For server’s that don’t persist historical versions of a resource (i.e. any resource other than the currently available/latest version) then they SHALL operate in-line with the guidance provided in the following Hay on FHIR - FHIR versioning with a non-version capable back-end blog post. This is to ensure that GP Connect servers will be compatible with version-aware clients, even though the server itself doesn’t support the retrieval of historical versions.
Managing Return Errors
FHIR defines an OperationOutcome resource that can be used to convey specific detailed processable error information.

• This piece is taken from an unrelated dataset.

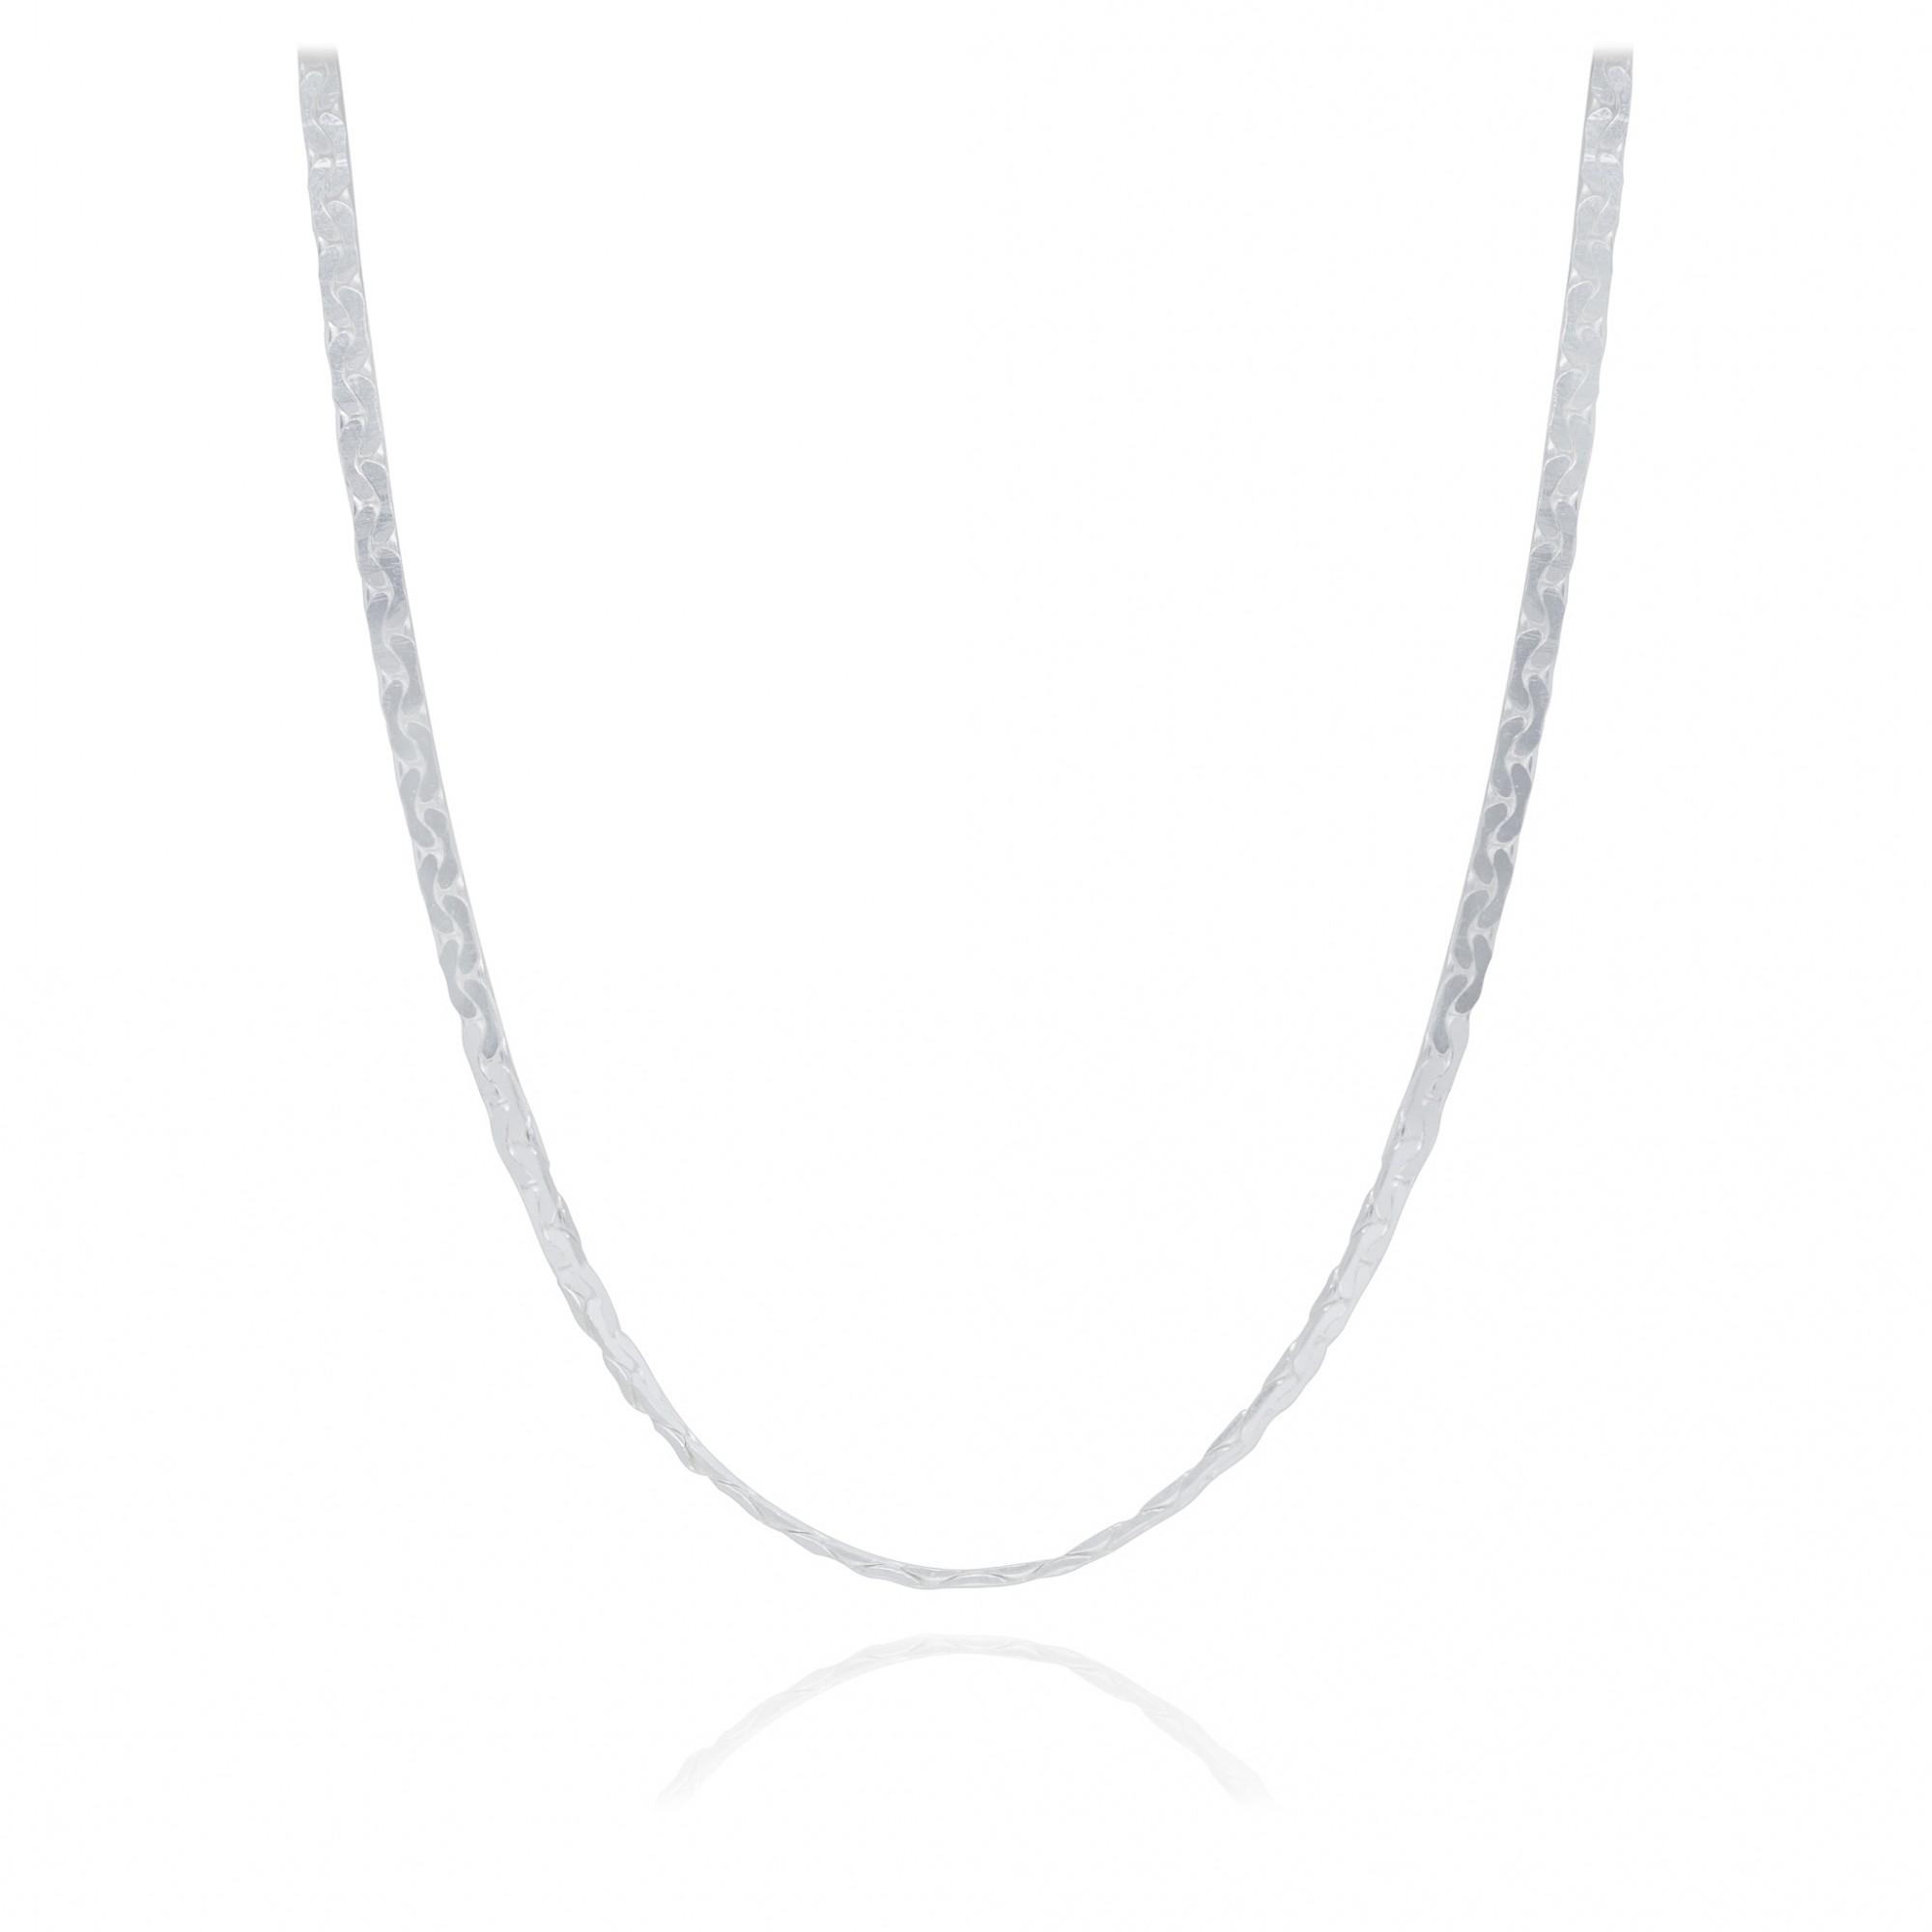 Corrente joia em prata 925 pura modelo laminada e diamantada

An OperationOutcome
may be returned with any HTTP 4xx
or 5xx
response, but is not always required.
FHIR Resources
Resource Data Types
The FHIR specification defines a set of data types that are used for the resource elements.
The user locale (i.e. user’s language, region and any special variant preferences that the user may want to see in their user interface) of a systems SHALL NOT effect the FHIR on the wire representation of any data types (especially date-time and number formats).
Certain aspects of Primitive Data Type respresentation warrant further consideration and SHALL be taken into consideration when designing and constructing FHIR resources.
For example:
- Leading 0 digits are not allowed.
- Strings SHALL NOT exceed 1MB in size.
- URIs are case sensitive.
- UUID values (urn:uuid:53fefa32-fcbb-4ff8-8a92-55ee120877b7) use all lowercase.
- Dates have no time zone.
- Dates can be partial dates (e.g. just year or year + month).
- Precision of the decimal value has signficance.
- Primitive types other than string SHALL NOT have leading or trailing whitespace.
- Use of null and empty / zero length values in XML and JSON representations
Resource Narrative
The FHIR resource narrative is not currently expected to be populated.
Resource References
The FHIR resource model includes references from one resource to another.
A reference can be either:
- a relative or absolute URL to a resource managed by the same resource server (a local reference), or
- an absolute URL to a resource managed by another resource server (a remote reference)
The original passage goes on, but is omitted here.